# Goal of the exercise
What you return should be the complete data below, word for word, with no pictures in it.

*** Opening Information shown ***

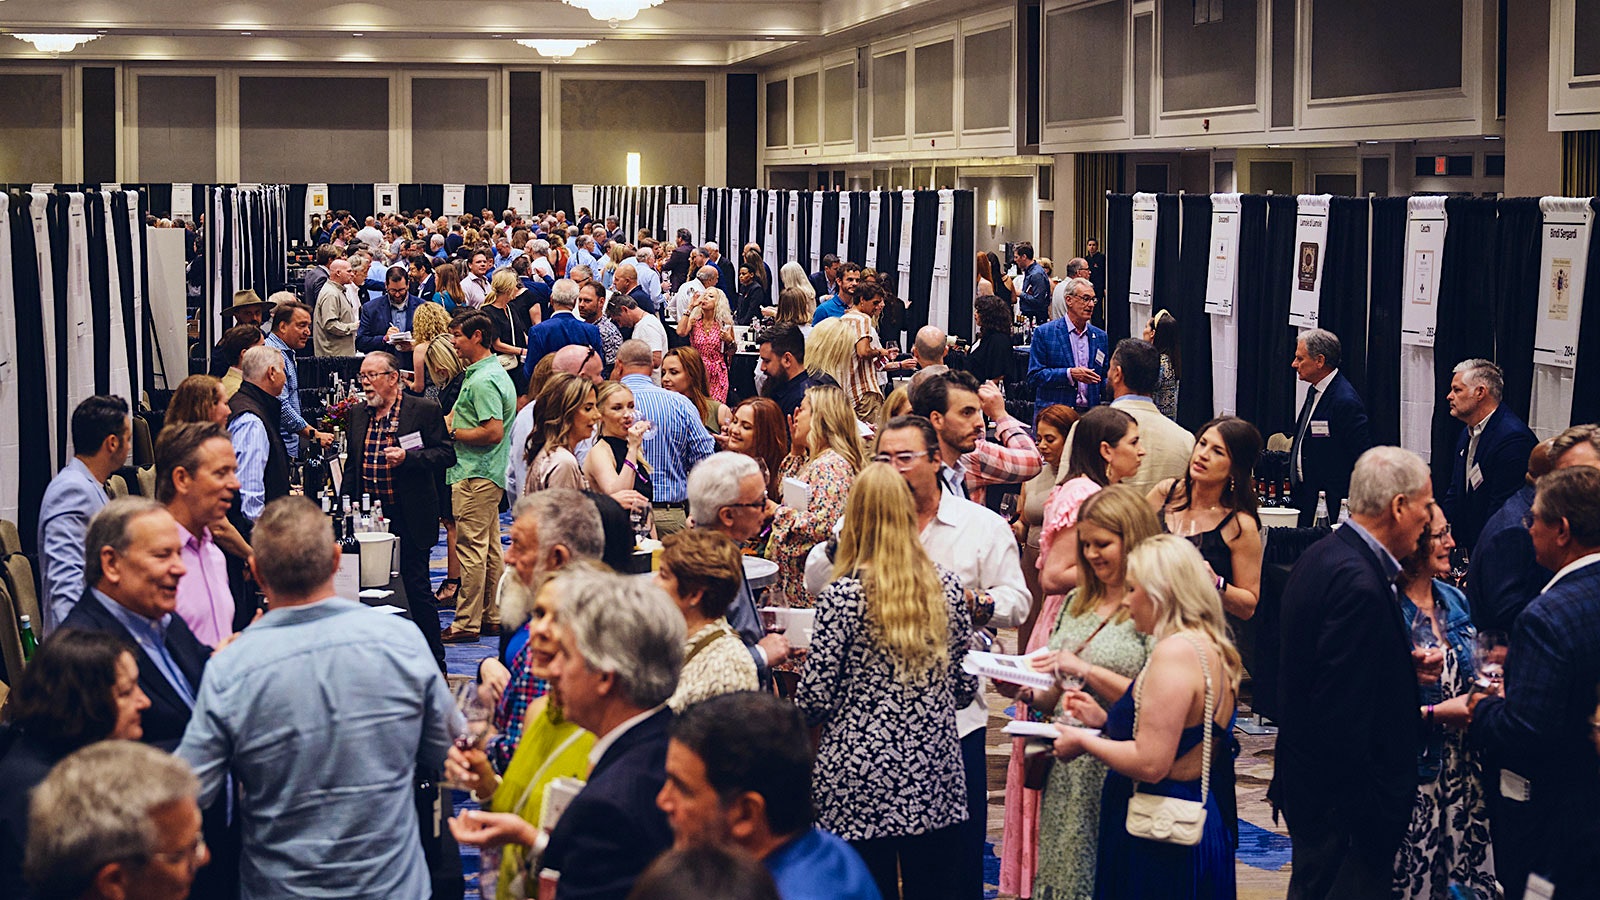  A packed crowd at the Wine Spectator Grand Tour tasting in New Orleans.
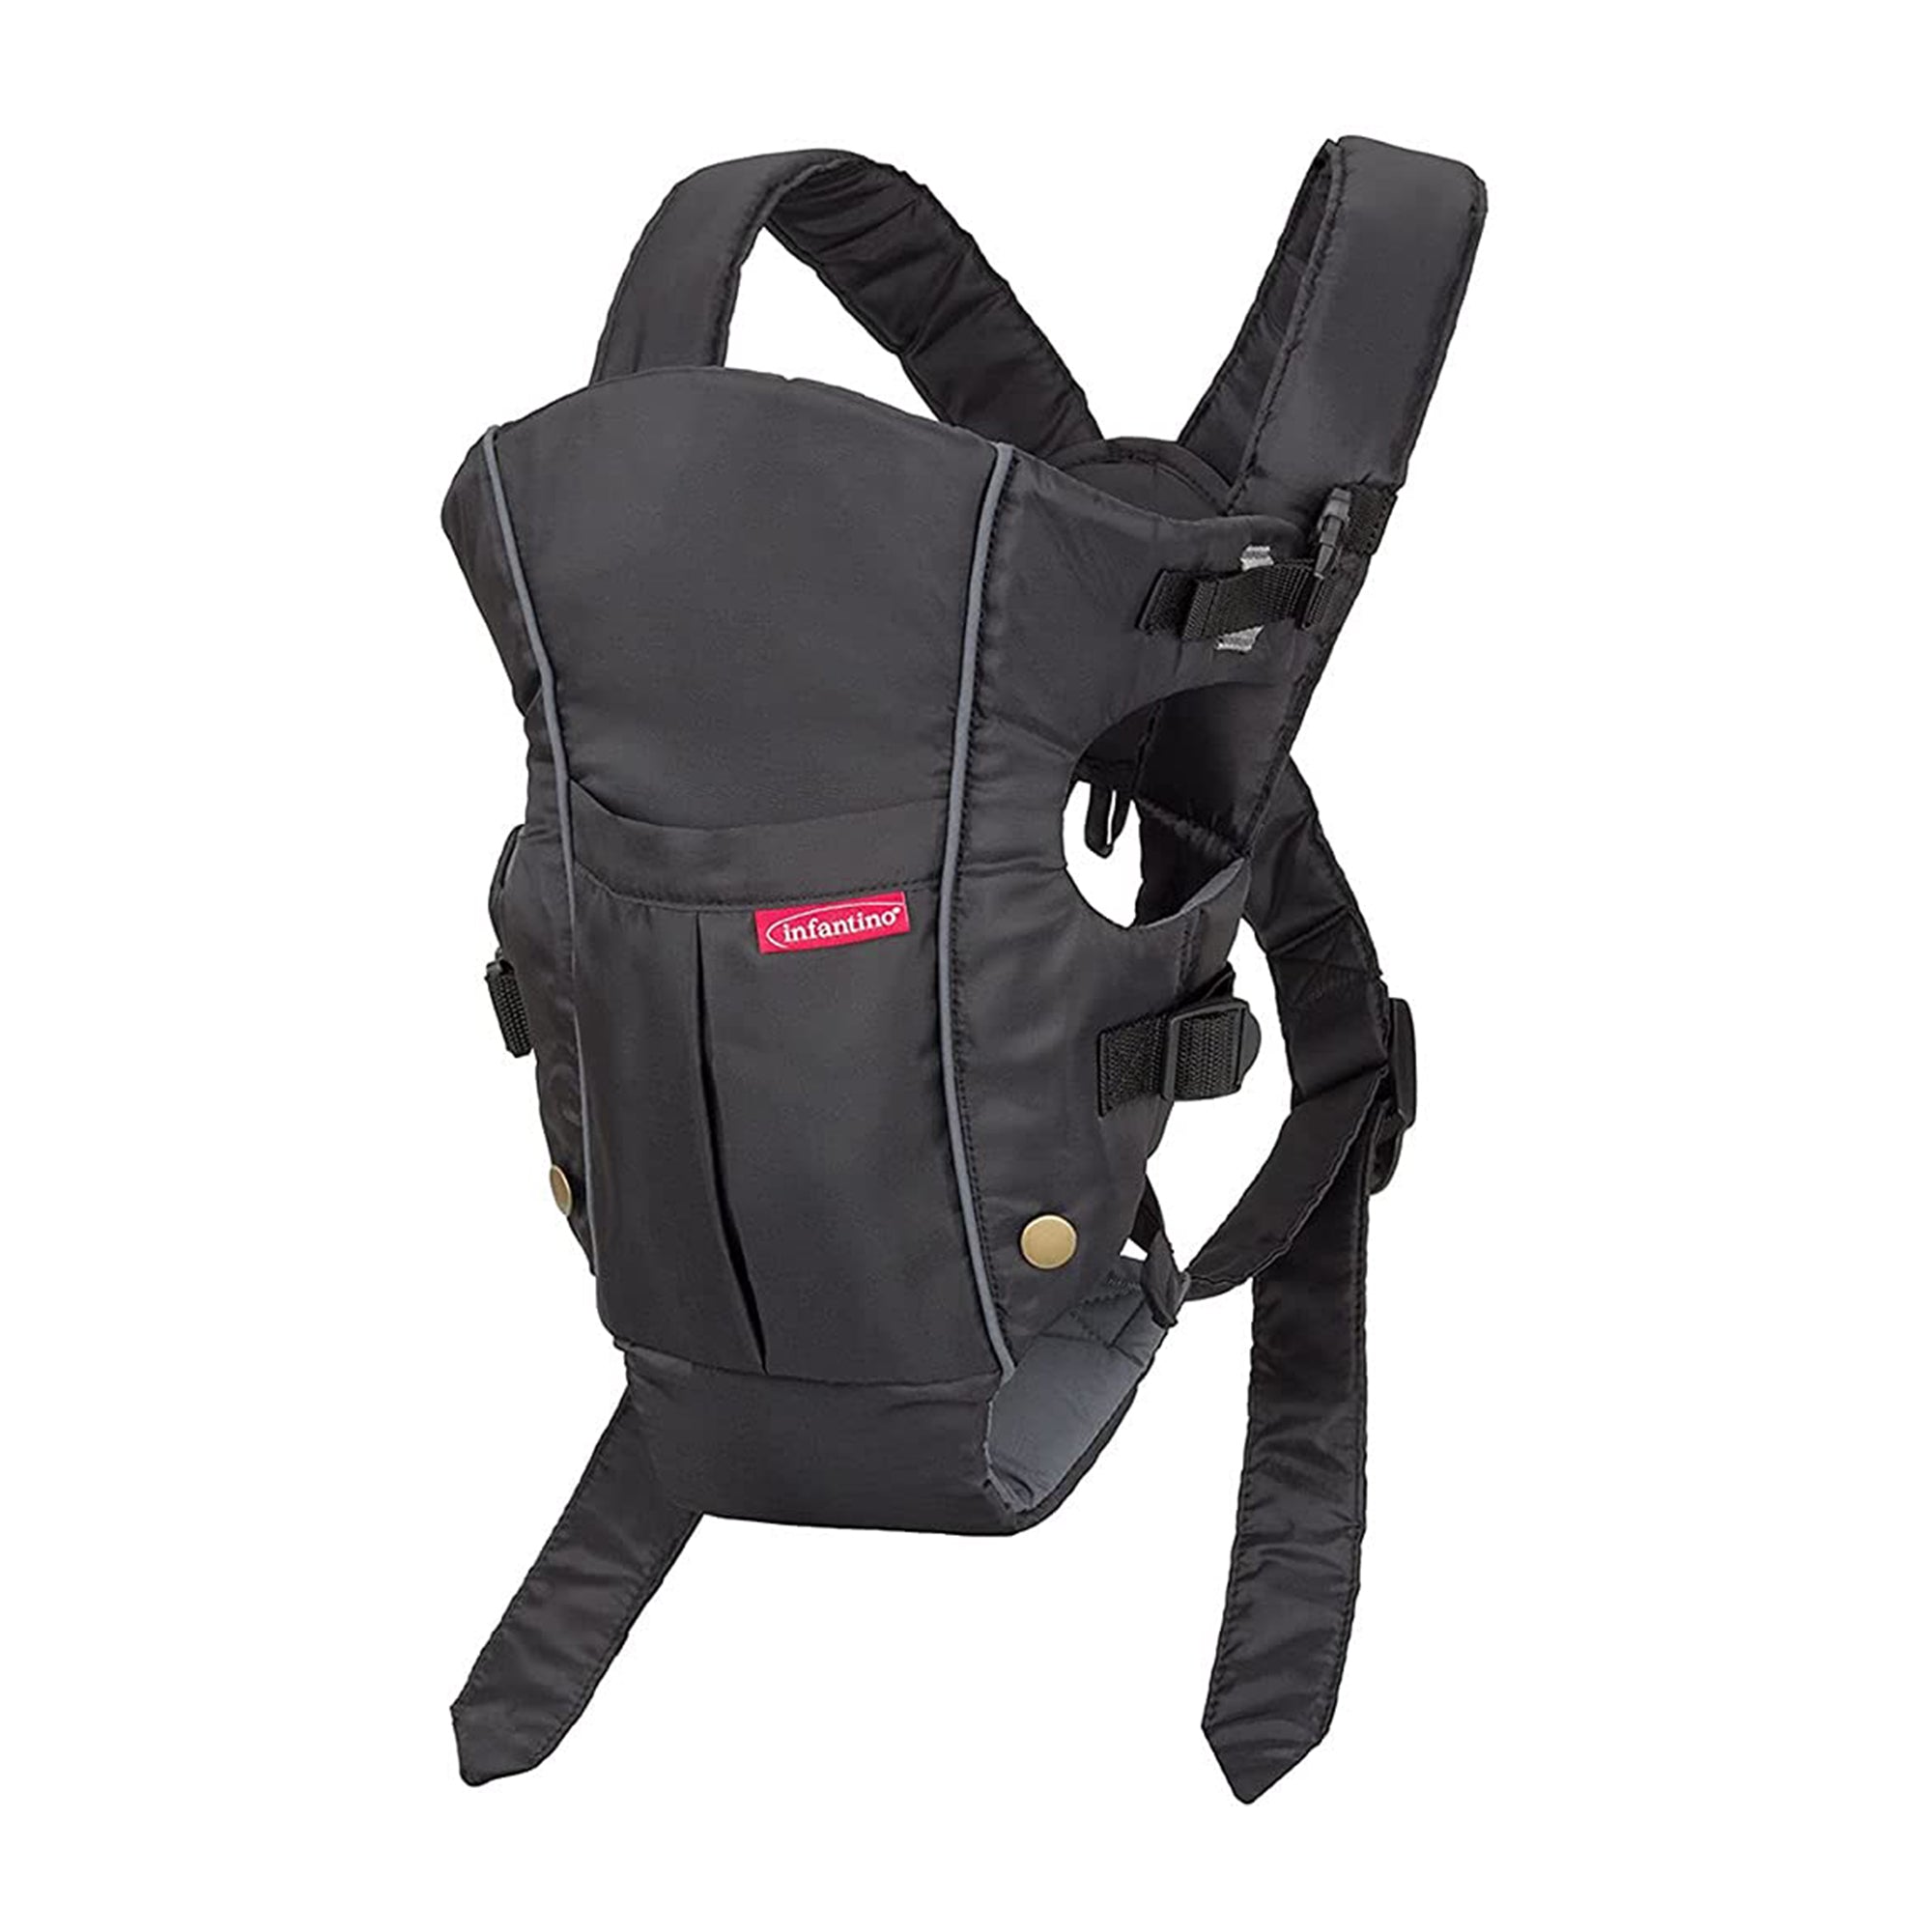 Infantino Swift Classic Carrier - Black - Birth to 12 Months
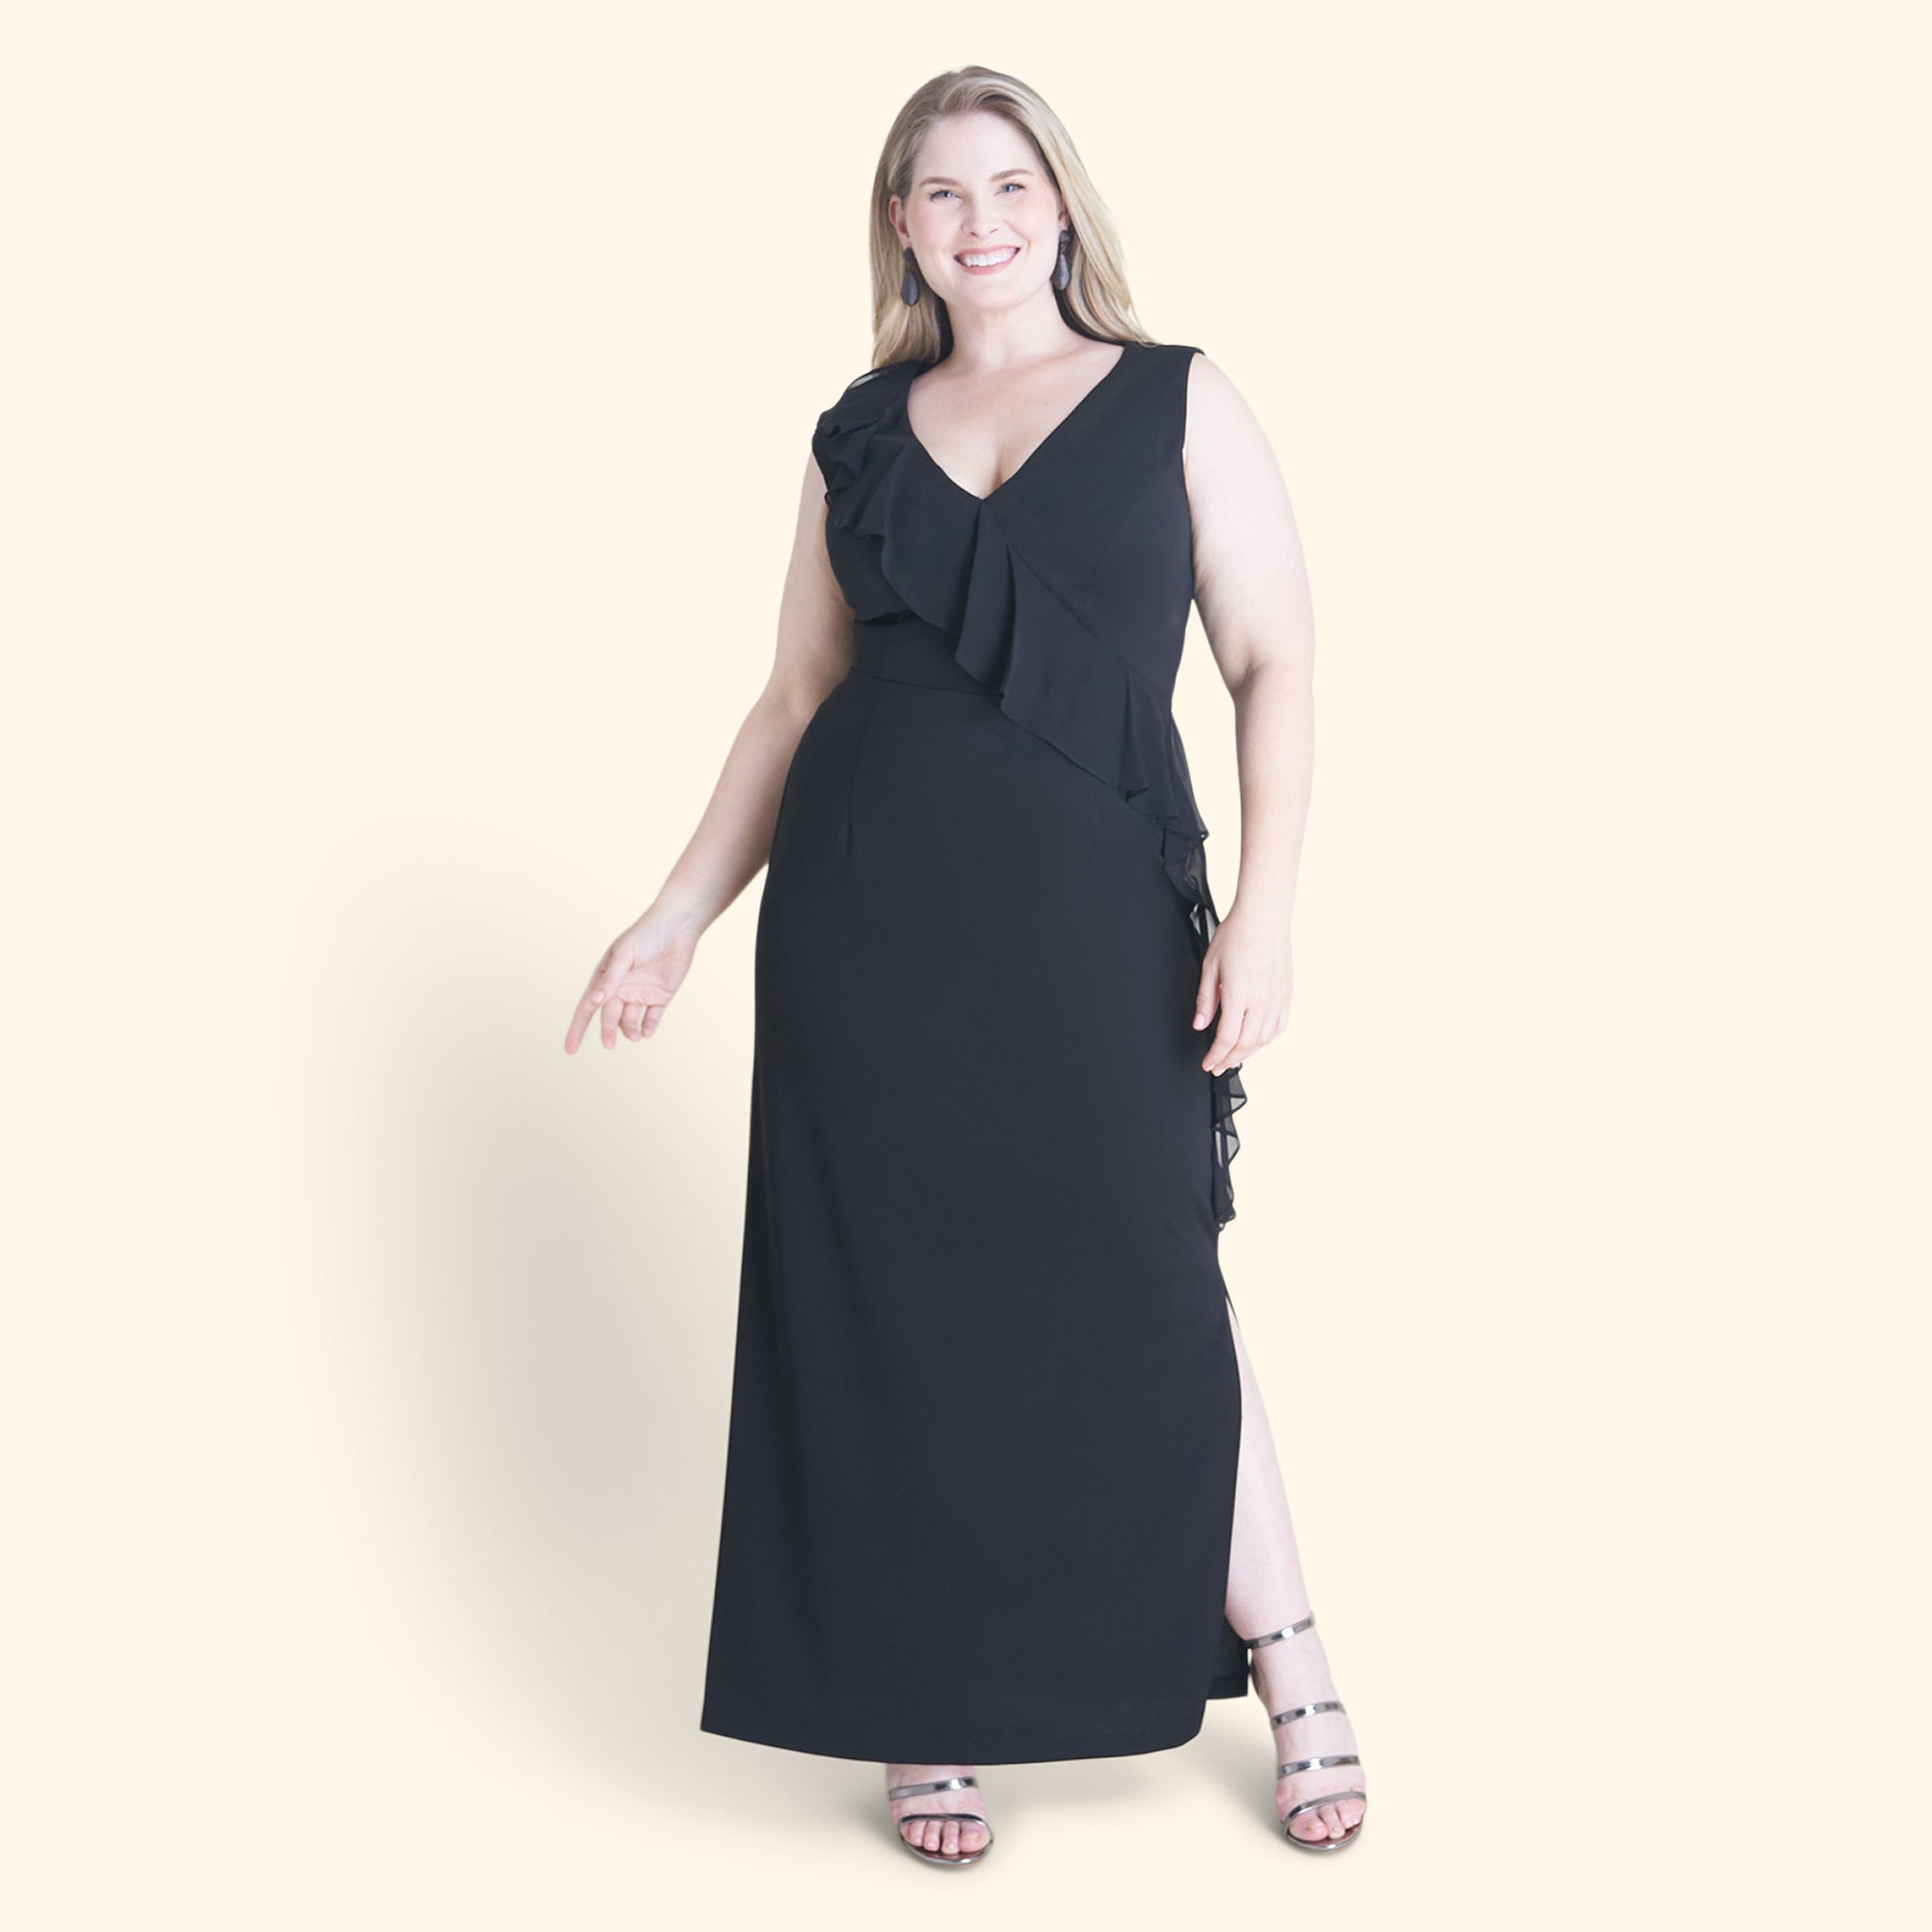 Woman posing wearing Black Sara 2.0 Floor-Length Dress from Connected Apparel

*** Closing Information shown ***

# Reply
  A packed crowd at the Wine Spectator Grand Tour tasting in New Orleans.
 Infantino Swift Classic Carrier - Black - Birth to 12 Months
 Woman posing wearing Black Sara 2.0 Floor-Length Dress from Connected Apparel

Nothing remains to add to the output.